BEGIN Records for this exercise

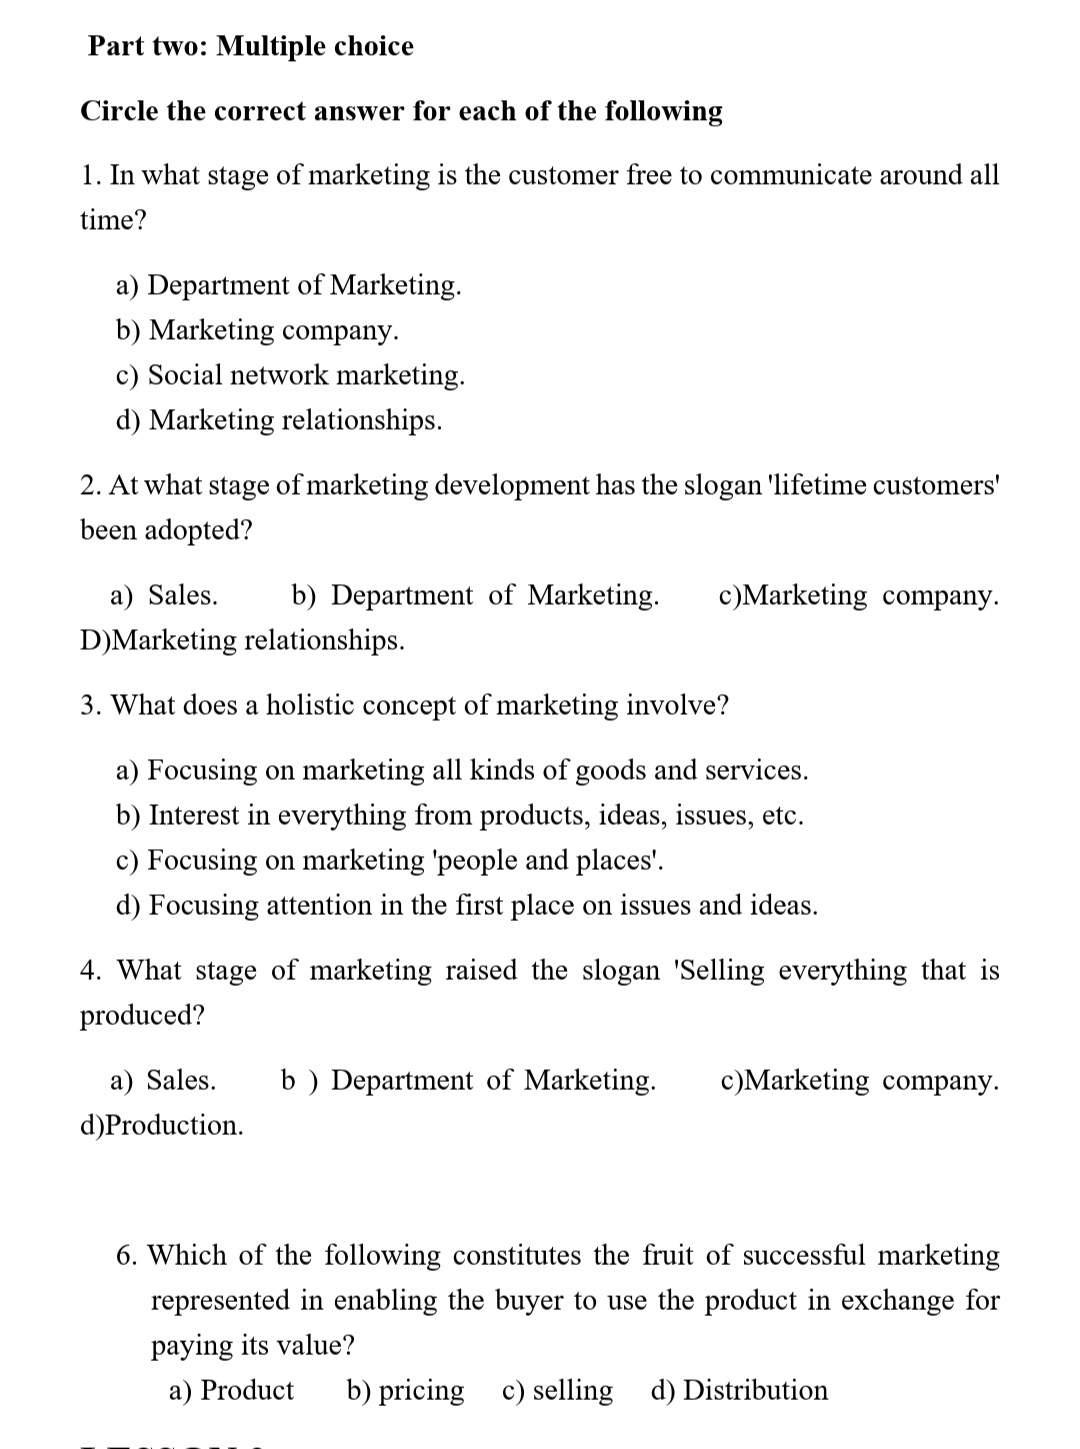 Part two: Multiple choice
Circle the correct answer for each of the following
1. In what stage of marketing is the customer free to communicate around all
time?
a) Department of Marketing.
b) Marketing company.
c) Social network marketing.
d) Marketing relationships.
2. At what stage of marketing development has the slogan 'lifetime customers'
been adopted?
a) Sales.
b) Department of Marketing.
c)Marketing company.
D)Marketing relationships.
3. What does a holistic concept of marketing involve?
a) Focusing on marketing all kinds of goods and services.
b) Interest in everything from products, ideas, issues, etc.
c) Focusing on marketing 'people and places'.
d) Focusing attention in the first place on issues and ideas.
4. What stage of marketing raised the slogan 'Selling everything that is
produced?
a) Sales.
b ) Department of Marketing.
c)Marketing company.
d)Production.
6. Which of the following constitutes the fruit of successful marketing
represented in enabling the buyer to use the product in exchange for
paying its value?
a) Product
b) pricing c) selling d) Distribution
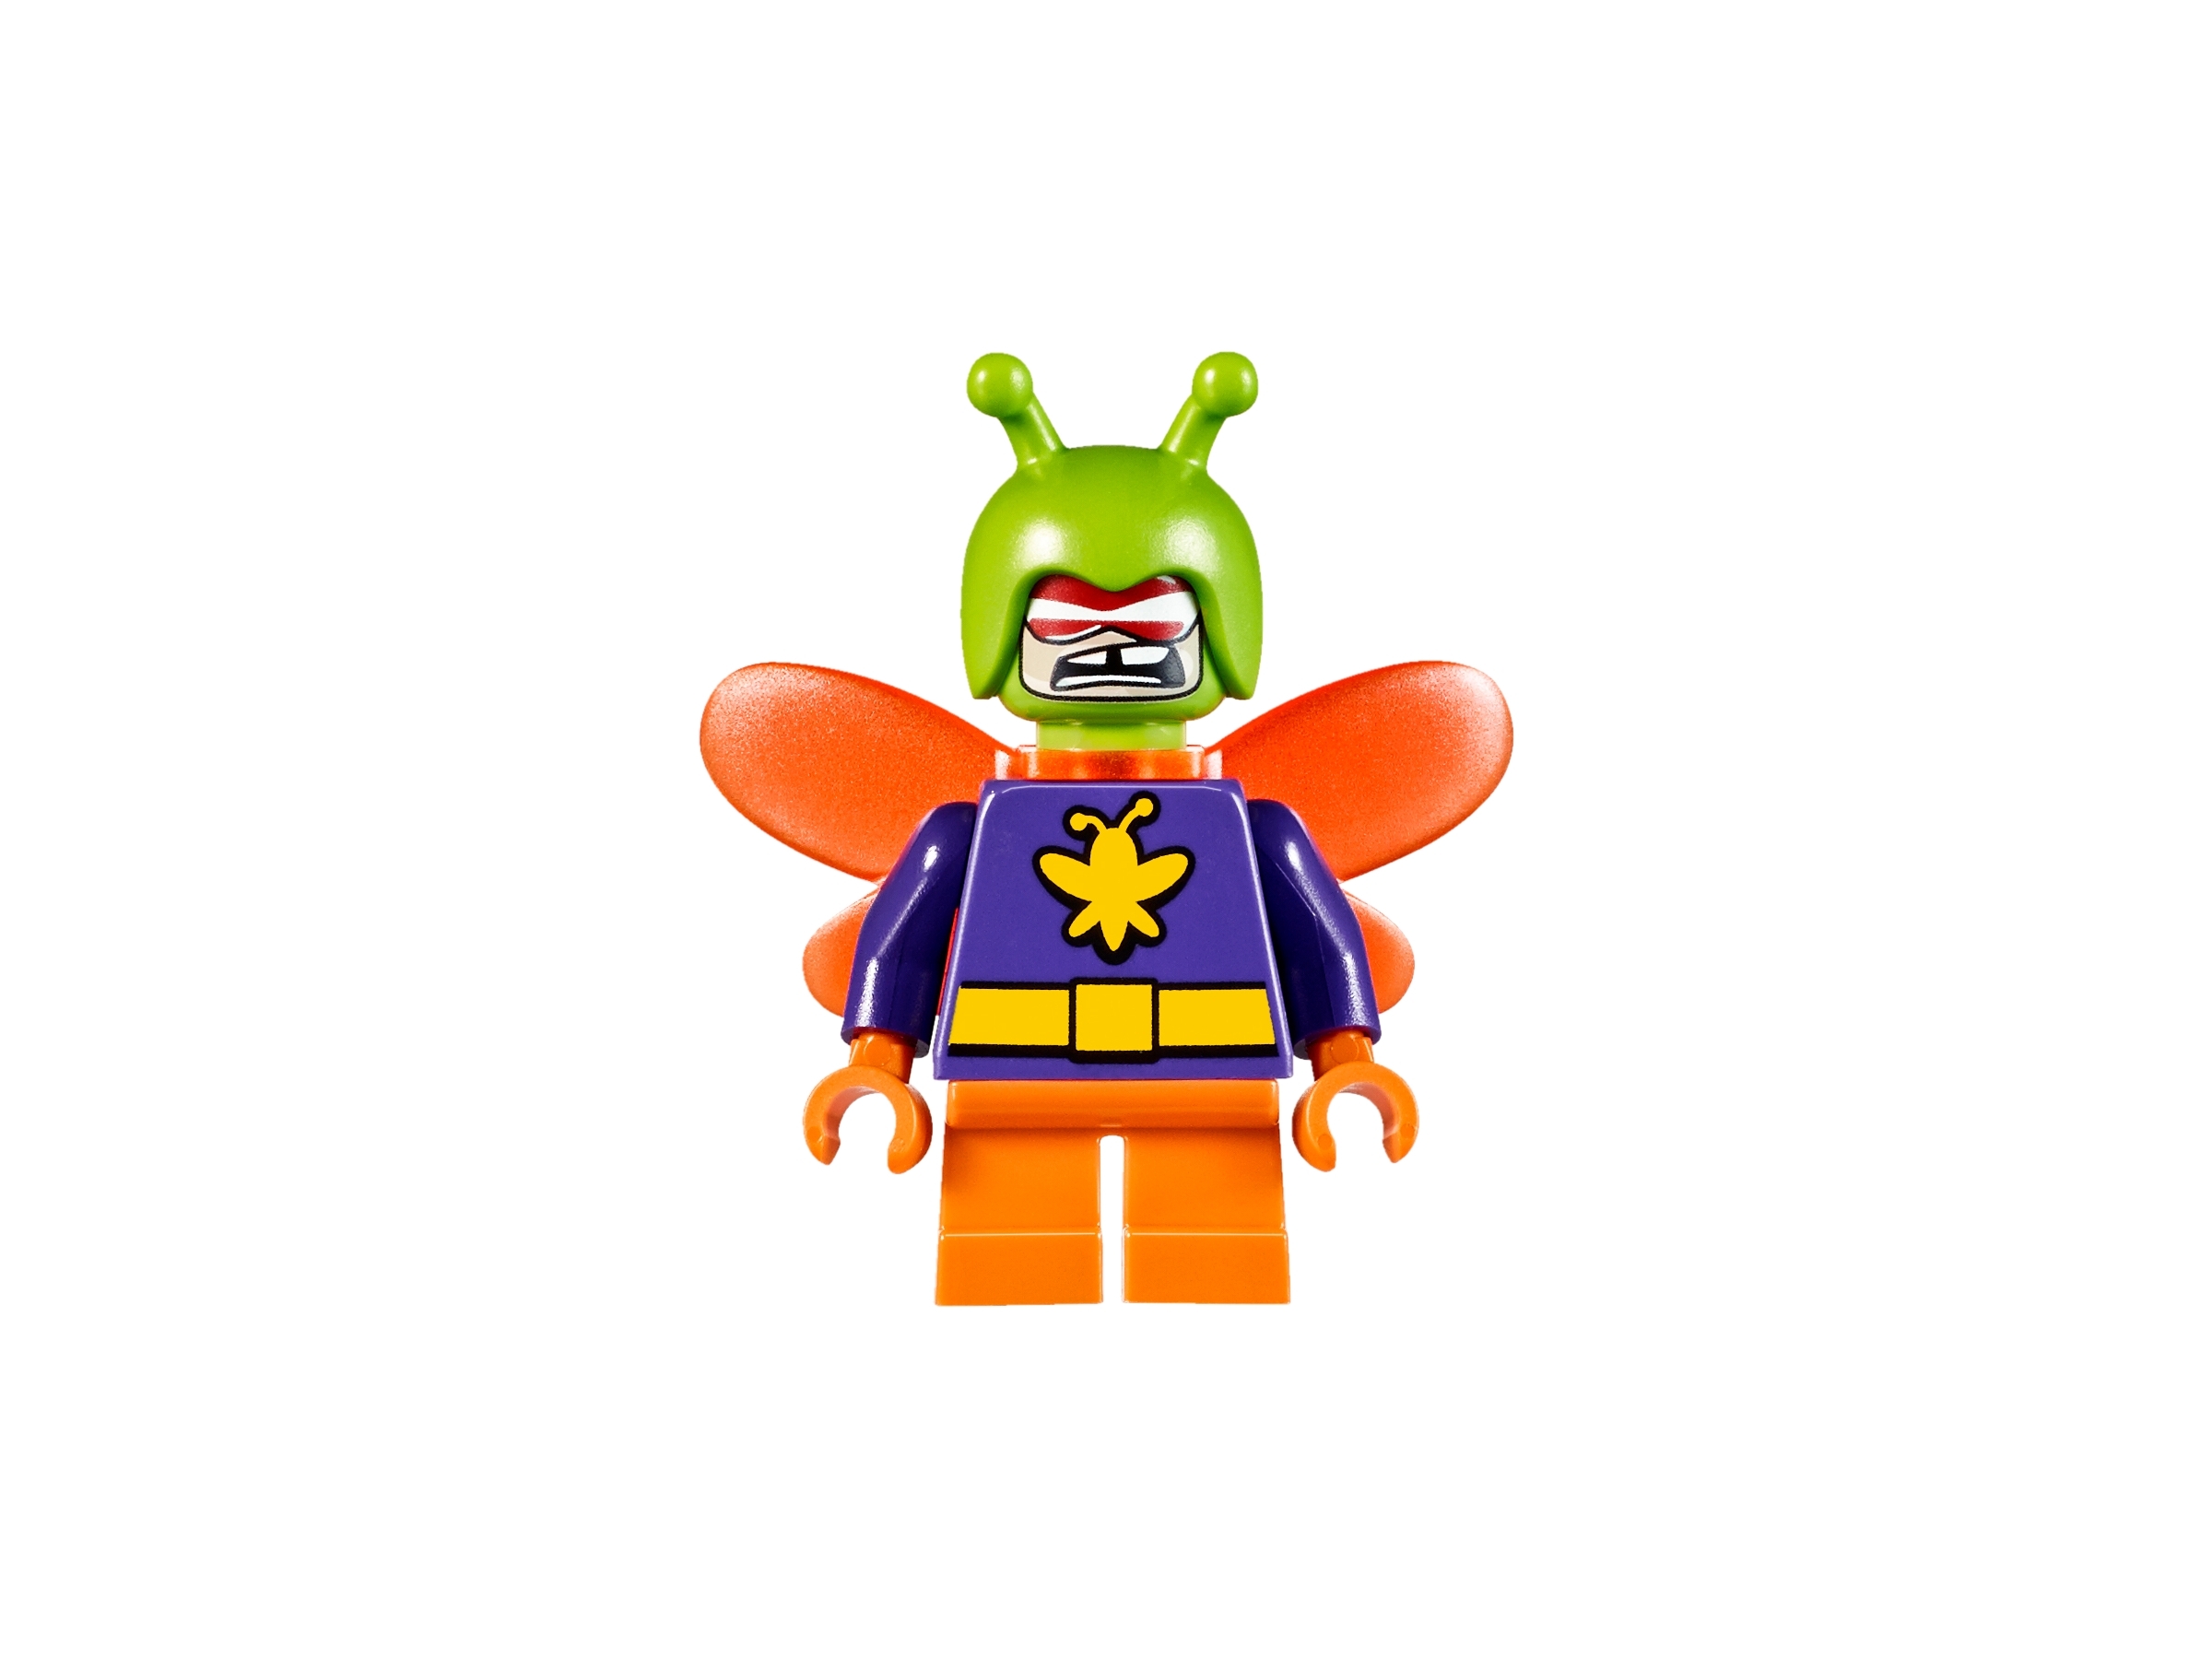 Details about   NEW LEGO DC Mighty Micros Killer Moth minifigure from set 76069

END Records for this exercise

• [What you are asked to do]: The records above are to be repeated exactly, apart from their pictures.

• [Response to this exercise]:
 Part two: Multiple choice
Circle the correct answer for each of the following
1. In what stage of marketing is the customer free to communicate around all
time?
a) Department of Marketing.
b) Marketing company.
c) Social network marketing.
d) Marketing relationships.
2. At what stage of marketing development has the slogan 'lifetime customers'
been adopted?
a) Sales.
b) Department of Marketing.
c)Marketing company.
D)Marketing relationships.
3. What does a holistic concept of marketing involve?
a) Focusing on marketing all kinds of goods and services.
b) Interest in everything from products, ideas, issues, etc.
c) Focusing on marketing 'people and places'.
d) Focusing attention in the first place on issues and ideas.
4. What stage of marketing raised the slogan 'Selling everything that is
produced?
a) Sales.
b ) Department of Marketing.
c)Marketing company.
d)Production.
6. Which of the following constitutes the fruit of successful marketing
represented in enabling the buyer to use the product in exchange for
paying its value?
a) Product
b) pricing c) selling d) Distribution
 Details about   NEW LEGO DC Mighty Micros Killer Moth minifigure from set 76069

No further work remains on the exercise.